Work request: The material below holds pictures; leave them out, and copy exactly, and only, the lines from the one with "Автор обзора рассказывает" through the last.

(Data provided begins)

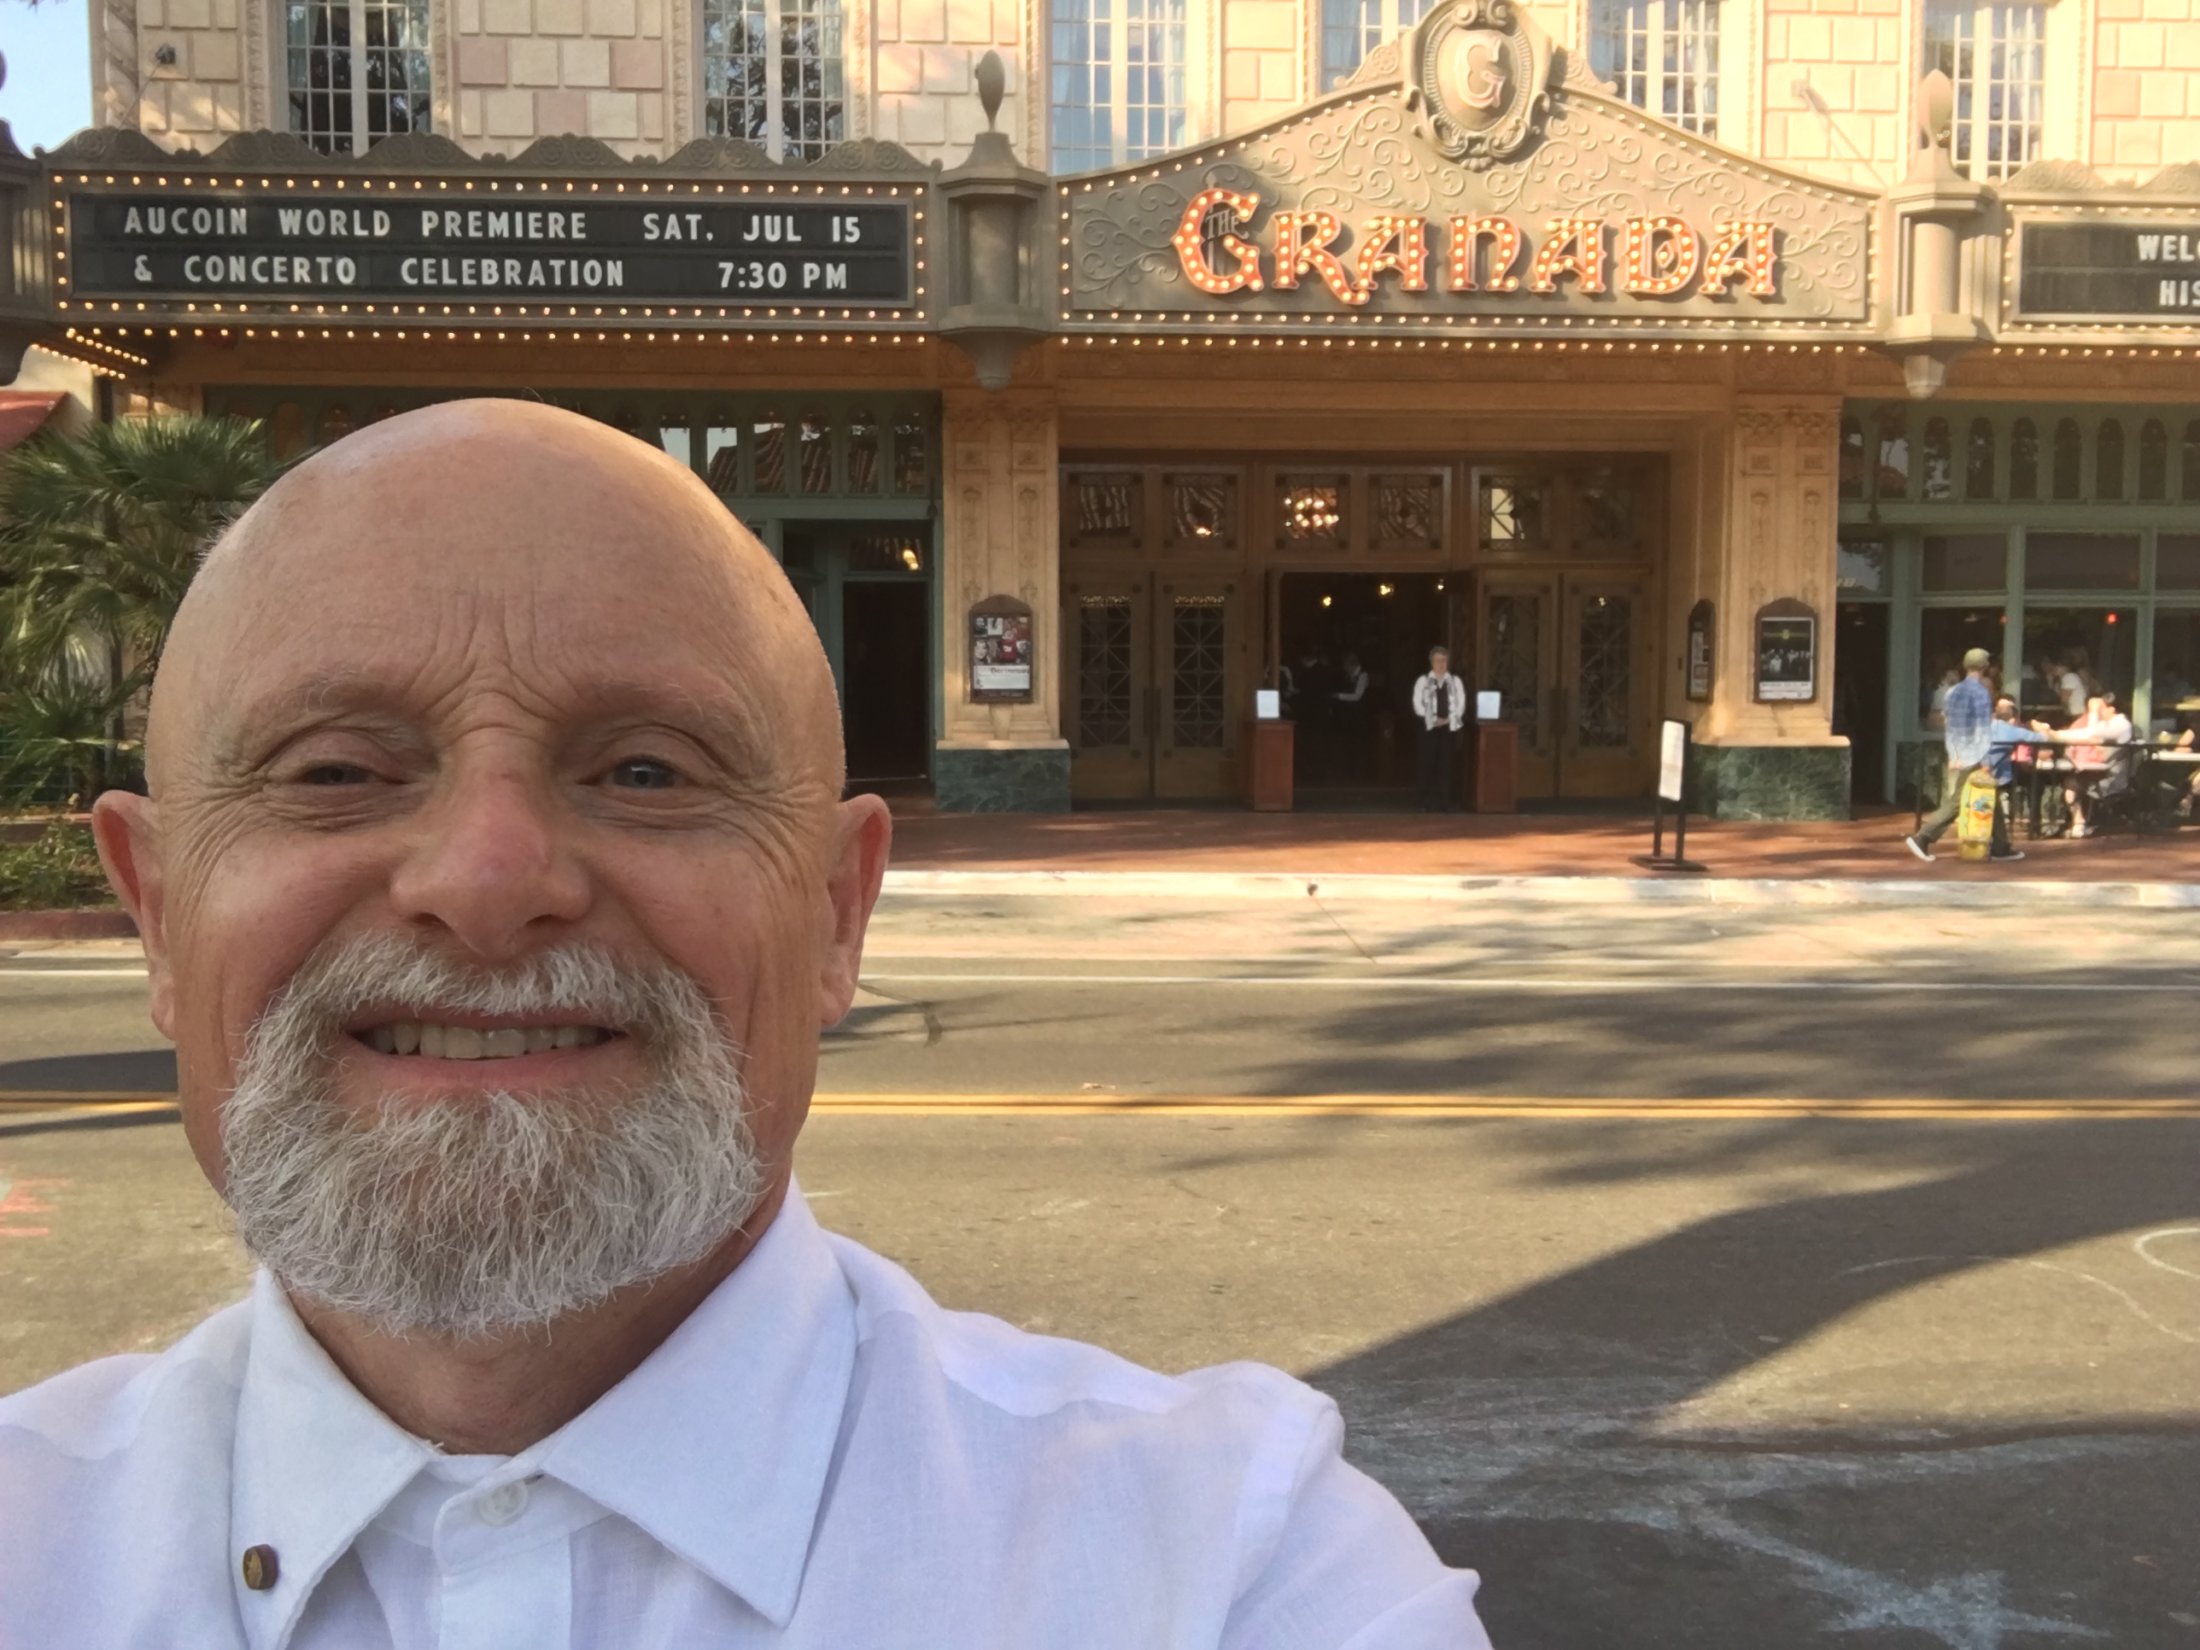 Outside The Granada Theatre In Santa Barbara
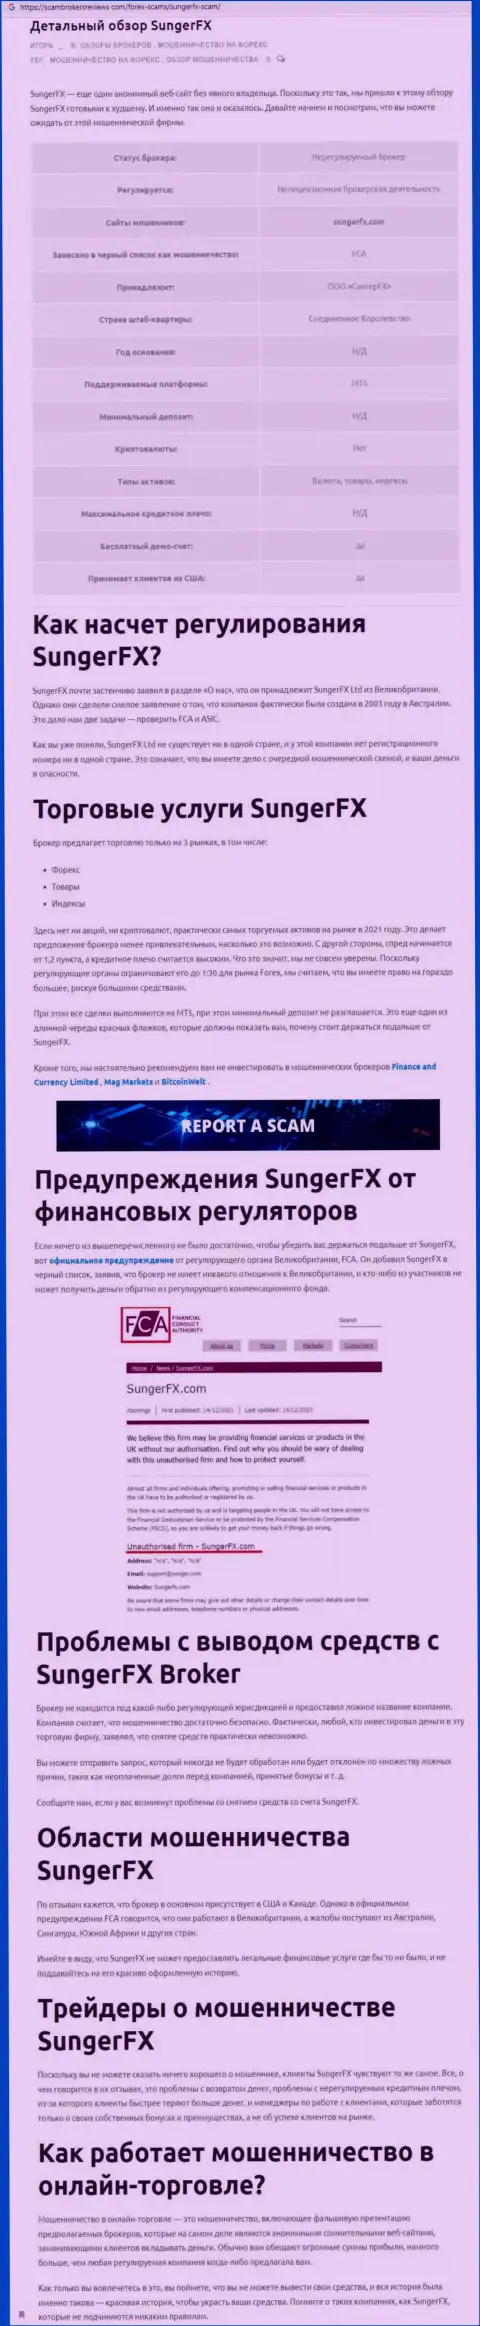 Автор обзора рассказывает об мошенничестве, которое происходит в SungerFX
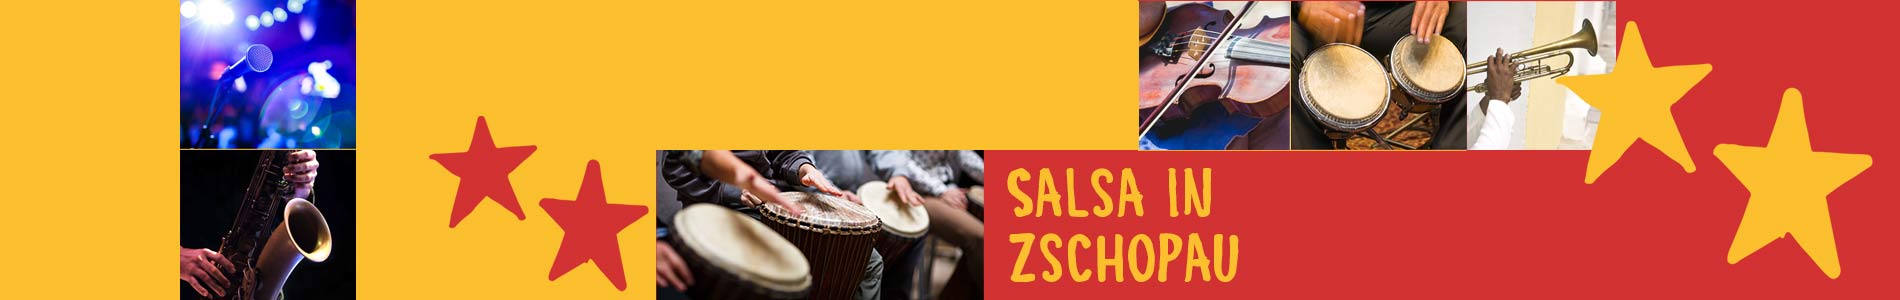 Salsa in Zschopau – Salsa lernen und tanzen, Tanzkurse, Partys, Veranstaltungen

(Data provided ends)

Task output:
 Автор обзора рассказывает об мошенничестве, которое происходит в SungerFX
 Salsa in Zschopau – Salsa lernen und tanzen, Tanzkurse, Partys, Veranstaltungen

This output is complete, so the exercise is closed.